When Ryan Bailey made the trek from the NoMad New York to Los Angeles to head up the wine program at the restaurant’s new location in early 2018, he found a new arsenal of ingredients to consider.

“I’d never heard of pink blueberries in my life!” laughs Bailey, who grew up in California and started his career in Sonoma County restaurants but was still blown away by the farmers markets and seasonal produce when he returned to the West Coast. “Like the fact that we’re going into October and the berries and tomatoes are amazing,” he says.

Michelle Gayer of the Salty Tart, Minneapolis, Minnesota, pairs her blood orange tart with a brut rosé.
Michelle Gayer of the Salty Tart, Minneapolis, Minnesota, pairs her blood orange tart with a brut rosé.

By Liz Grossman, managing editor of HOTELS sister publication Plate

The bounty of local produce fuels the creativity in the kitchen, especially the pastry team, led in Los Angeles by Henry Molina. “We run just a handful of desserts and they’re changing all the time based upon what’s available to our chefs,” says Bailey.

His pairing options are equally inspired by the ever-changing, 1,800-plus wine list with more than 50 by-the-glass offerings, including more than 10 dessert wines. “Right now we have an amazing 1994 Coteaux du Layon, a 1969 Madeira, and a Clairette de Die, which is a super-versatile sparkling dessert wine from the Rhône Valley,” says Bailey, who also likes to pair desserts with sherry (from bone-dry manzanilla to textured oloroso).

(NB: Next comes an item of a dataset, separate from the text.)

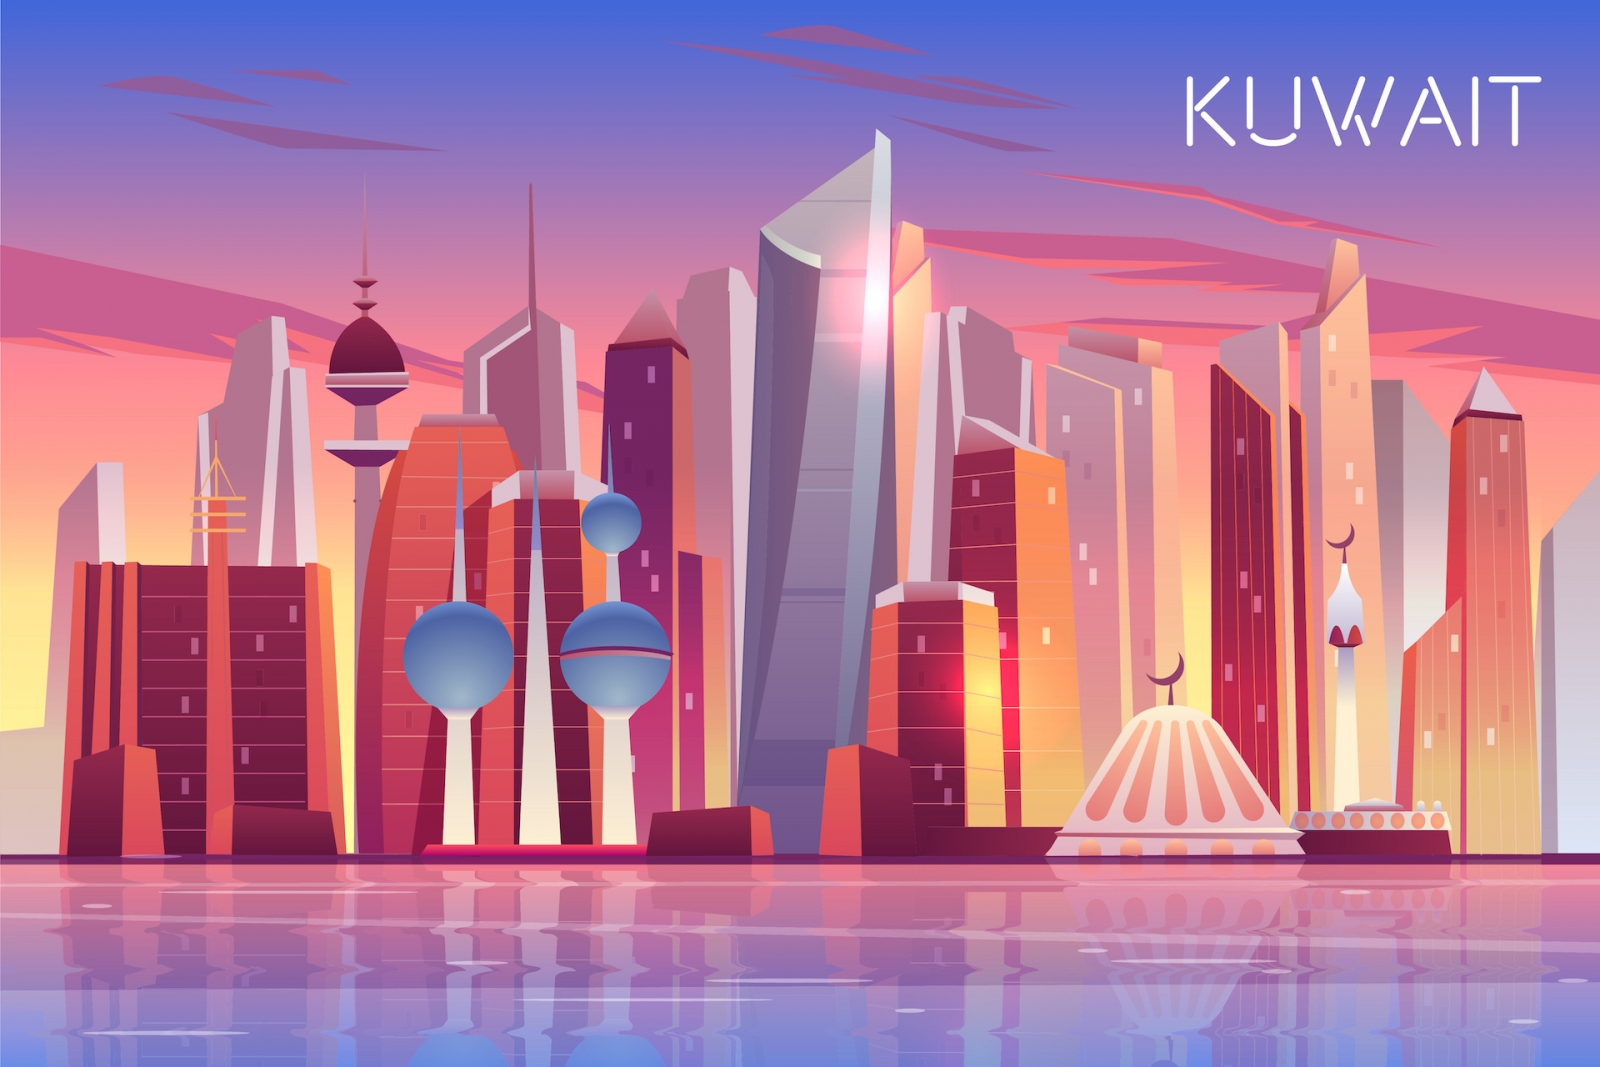 Horizonte de la ciudad de Kuwait.  Fondo panorámico del estado árabe moderno con rascacielos y torres en la bahía del Golfo Pérsico

He’s also a big fan of dessert wine varietals made from Loire Valley grapes, which are typically higher in acid due to the region’s cooler climate.

“When you’re talking about dessert wines, you have higher residual sugar or sweetness in the wine, which gives it a syrupy or naturally textured element,” Bailey notes. “If you have a grape varietal that’s low in acid, it kind of tastes like cough syrup or a purée. But a dessert wine made from a grape varietal that’s high in acid has balance. It has richness and sweetness, but the acid cleanses your palate so you’re not sipping on syrup. To me, those low-acid dessert wines are dessert in themselves. If I want a glass of port or Pedro Ximénez, I sip it on its own and skip dessert,” he says.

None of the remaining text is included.